UCB Undergraduate Researcher

The prospect of long-term organ storage through cryopreservation may be a step closer to reality, thanks to work in progress by graduating Cal senior Pam Chitamitara. CREA spoke with Chitamitara at the recent UCB undergraduate biology research symposium, where she presented a poster.

Pam Chitamitara and poster Currently, organs destined for transplant have a shelf life of "a matter of hours" outside the body, says Chitamitara. One possible method of preservation is to freeze the organs in liquid nitrogen, preventing decay. But total freezing of tissue is not currently feasible due to a serious side-effect: ice crystals form and penetrate through cells, cleaving the tissue and causing irreparable damage. Although this damage can be modulated by gradual freezing, the organs are still nonfunctional after thawing.

Chitamitara sought to test an alternative solution: limiting the amount of damage that ice could do in the first place. Working with advisors Natalya Lyubynska and Dr. Paola S. Timiras, along with researchers at Biotime, Inc., Chitamitara collected and cultured fibroblast cells from a large number of organs in Syrian hamster. She then added several protective chemicals, including dimethylsulfoxide (DMSO), to the cells and froze them. Once thawed, the chemically treated cells showed significantly greater viability versus untreated controls, with the best results obtained from fibroblasts of the lung, kidney, and spleen.

How does DMSO prevent damage normally caused by freezing? The answer, as Chitamitara explains it, is quite simple: "Water molecules are drawn to the molecules of DMSO, and away from tissue. That limits the amount of damage water can do to the tissue."

Limiting that damage may be the key to eventual long-term organ preservation and reduction of the currently-sizeable transplant waiting lists in the U.S. According to the annual report of the Scientific Registry of Transplant Recipients, 46% of all organs donated in 2002 were not recovered for transplantation. A significant cause of non-recovery (12% of cases, accounting for 2,537 organs) is that no suitable recipient could be found. Longer preservation of these donor organs would improve recovery rates and help the thousands of Americans, particularly elderly Americans, in need of transplants.

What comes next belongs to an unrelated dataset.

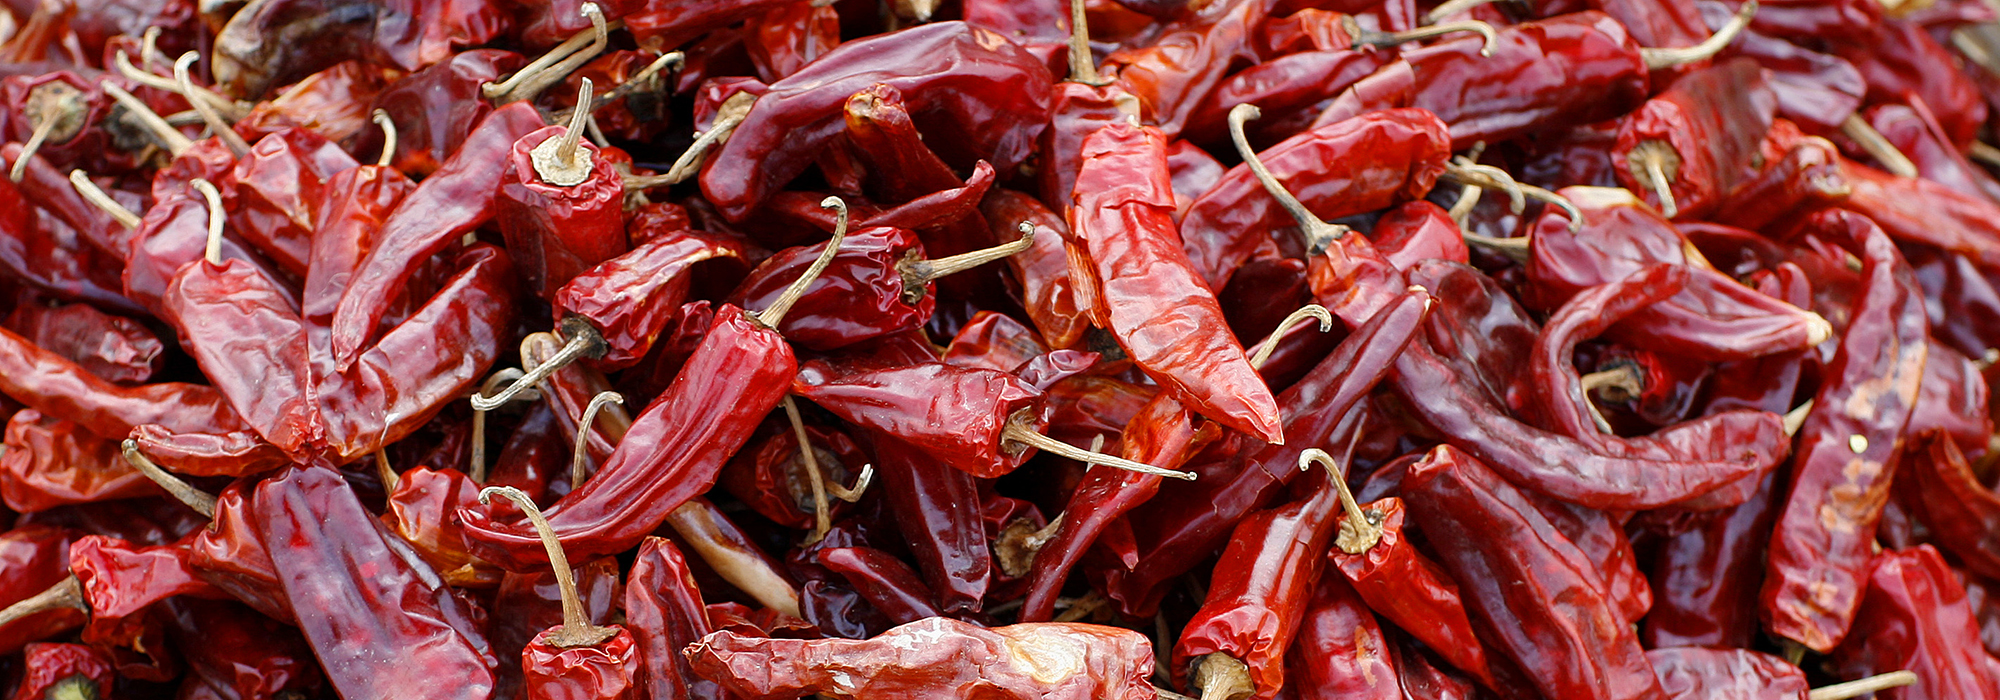 Red-Chilies-DRY-pic
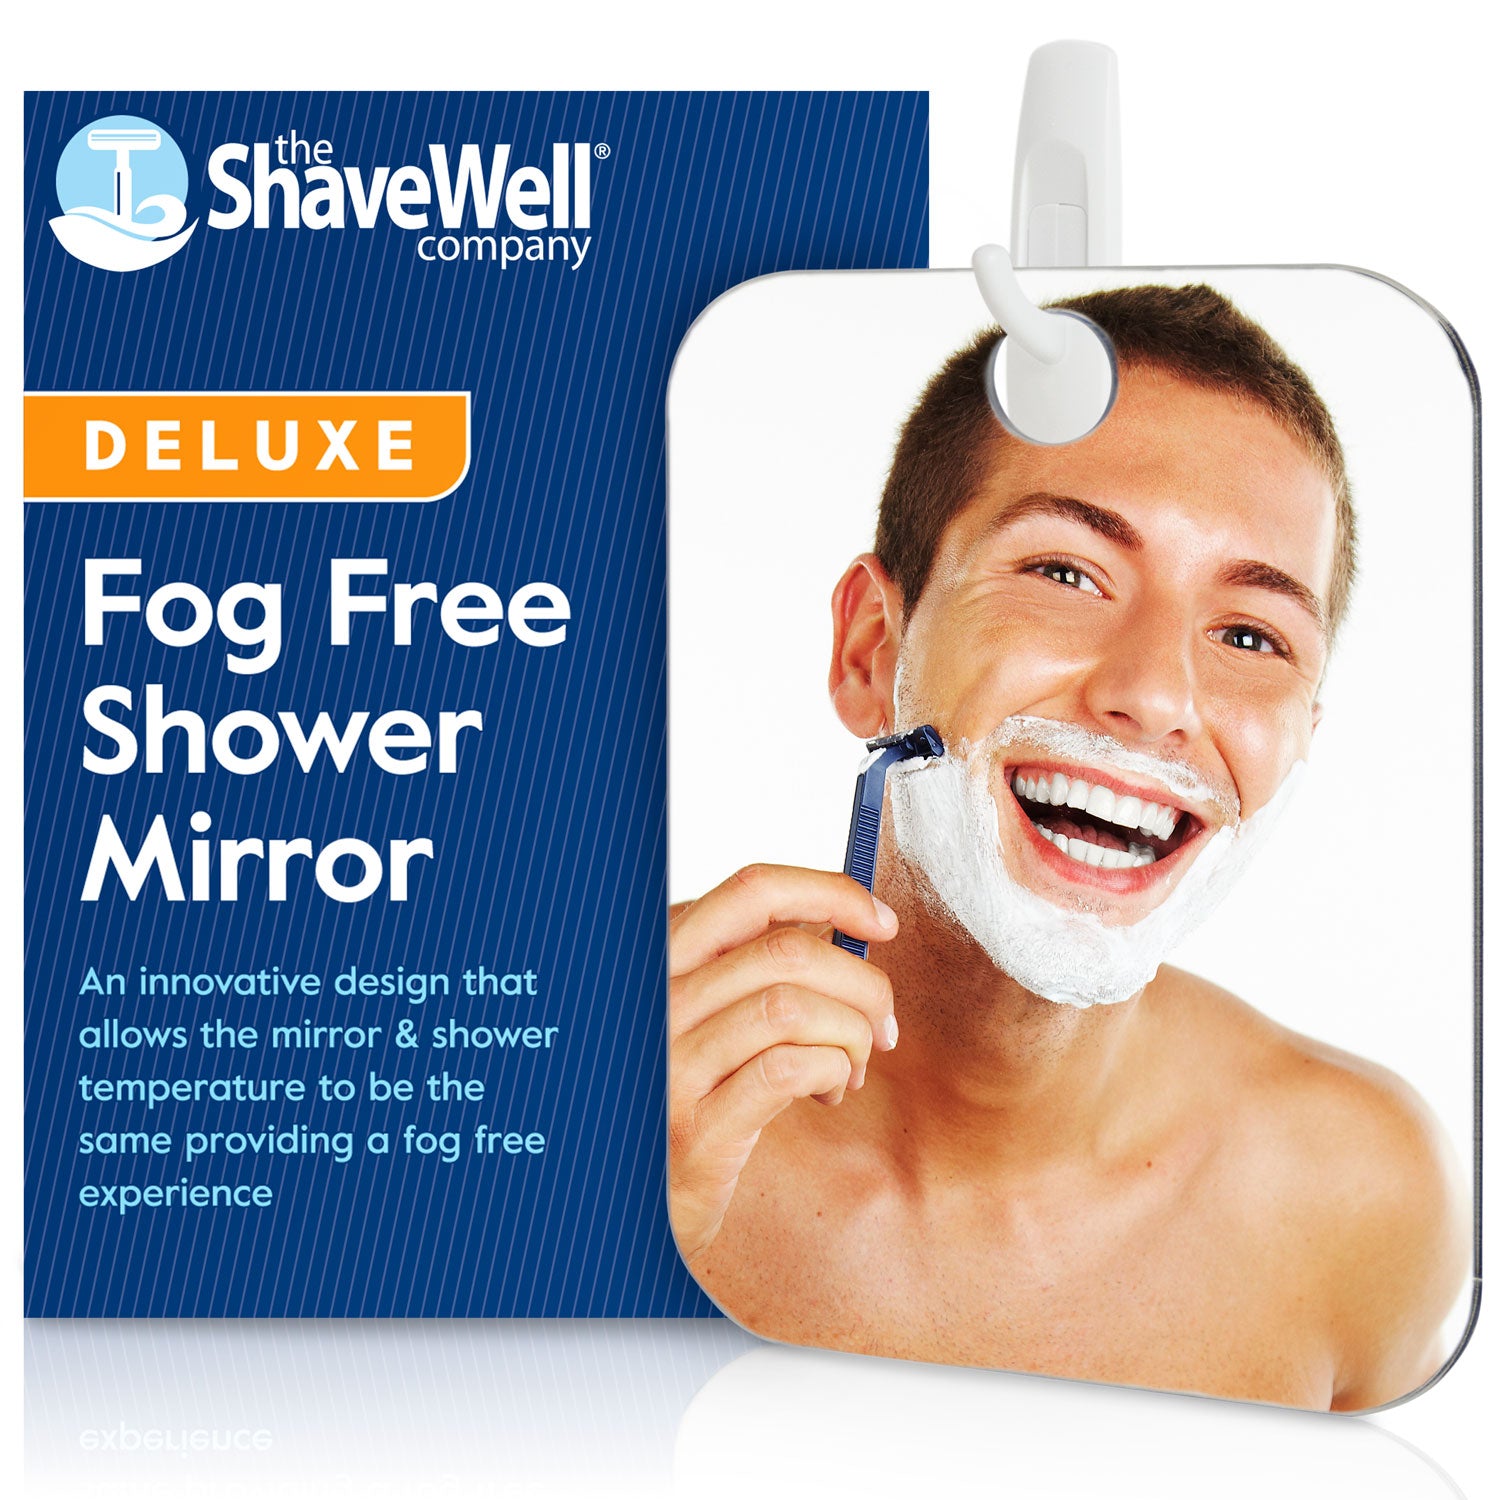 Unbreakable Locker Mirror - The Shave Well Company, White

Chitamitara believes that Cal was the right place for her to do her undergraduate research. "I was satisfied with the level of support I received from the University and from Biotime. There were always enough animals on hand." At the same time, however, one gets the impression from speaking with her that this project might benefit from a more integrated approach. "There are so many different things that could be done based on this work, and we just can't do them all," she said. For example, work at the molecular level, such as an assay of the extent of the intracellular damage still caused by freezing DMSO-treated cells, could yield results to improve the efficacy of treatment.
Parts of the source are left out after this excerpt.